◆ Data provided:
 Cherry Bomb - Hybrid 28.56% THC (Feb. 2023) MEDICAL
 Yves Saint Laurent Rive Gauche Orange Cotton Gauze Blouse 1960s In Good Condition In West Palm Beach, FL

--

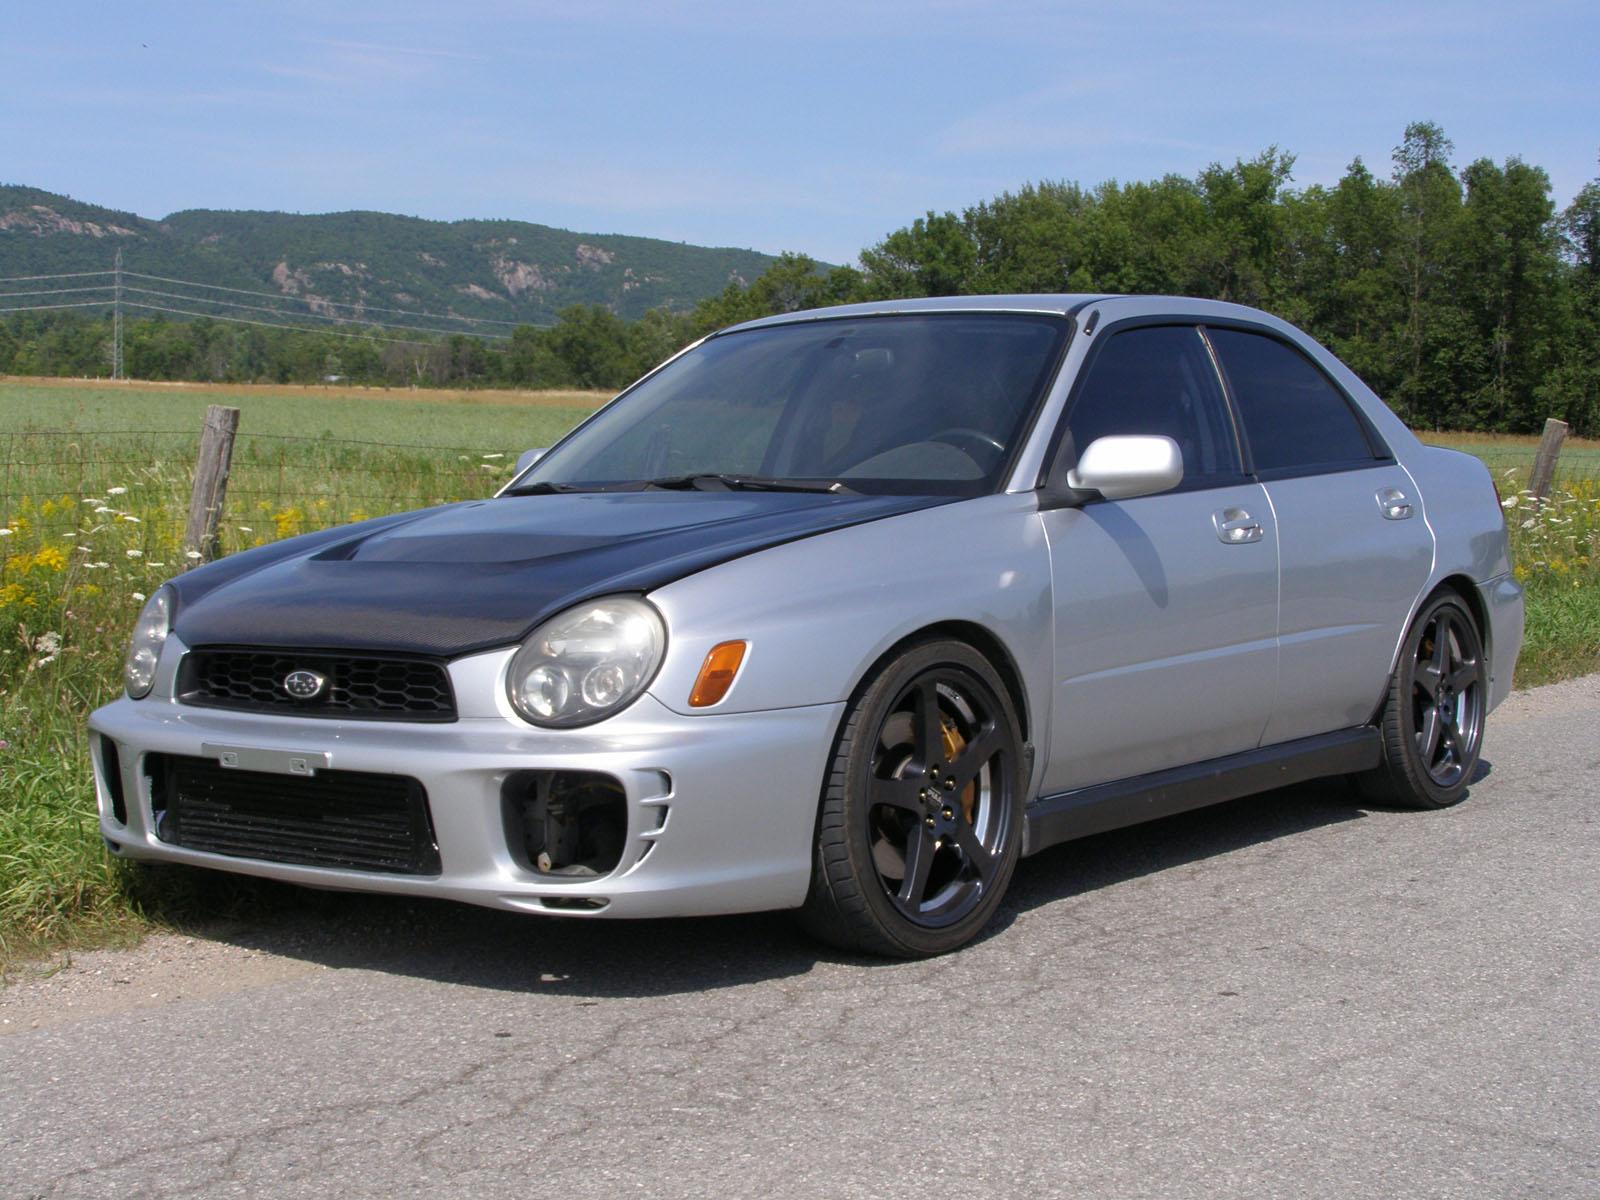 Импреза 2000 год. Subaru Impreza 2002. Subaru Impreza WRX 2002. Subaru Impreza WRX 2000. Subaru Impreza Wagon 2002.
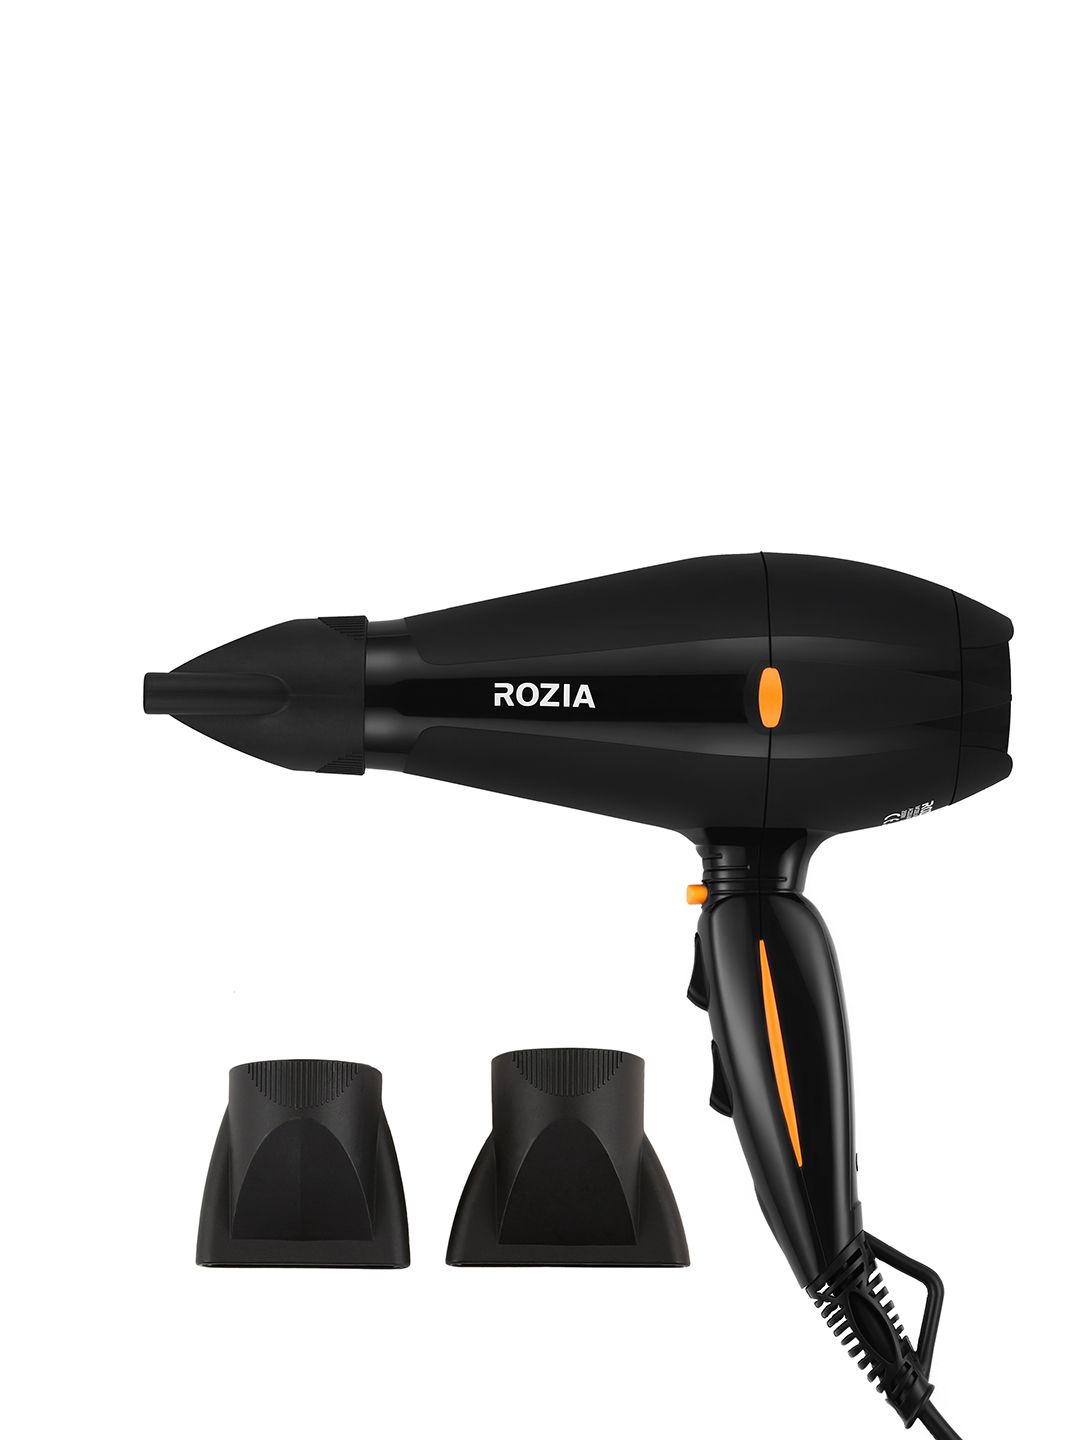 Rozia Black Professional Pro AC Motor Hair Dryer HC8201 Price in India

◆ Goal of the exercise: Return only the part of the records above that opens with the line containing "Cherry Bomb - Hybrid" and closes with the line containing "Yves Saint Laurent", ends included.

◆ Exercise solution:
 Cherry Bomb - Hybrid 28.56% THC (Feb. 2023) MEDICAL
 Yves Saint Laurent Rive Gauche Orange Cotton Gauze Blouse 1960s In Good Condition In West Palm Beach, FL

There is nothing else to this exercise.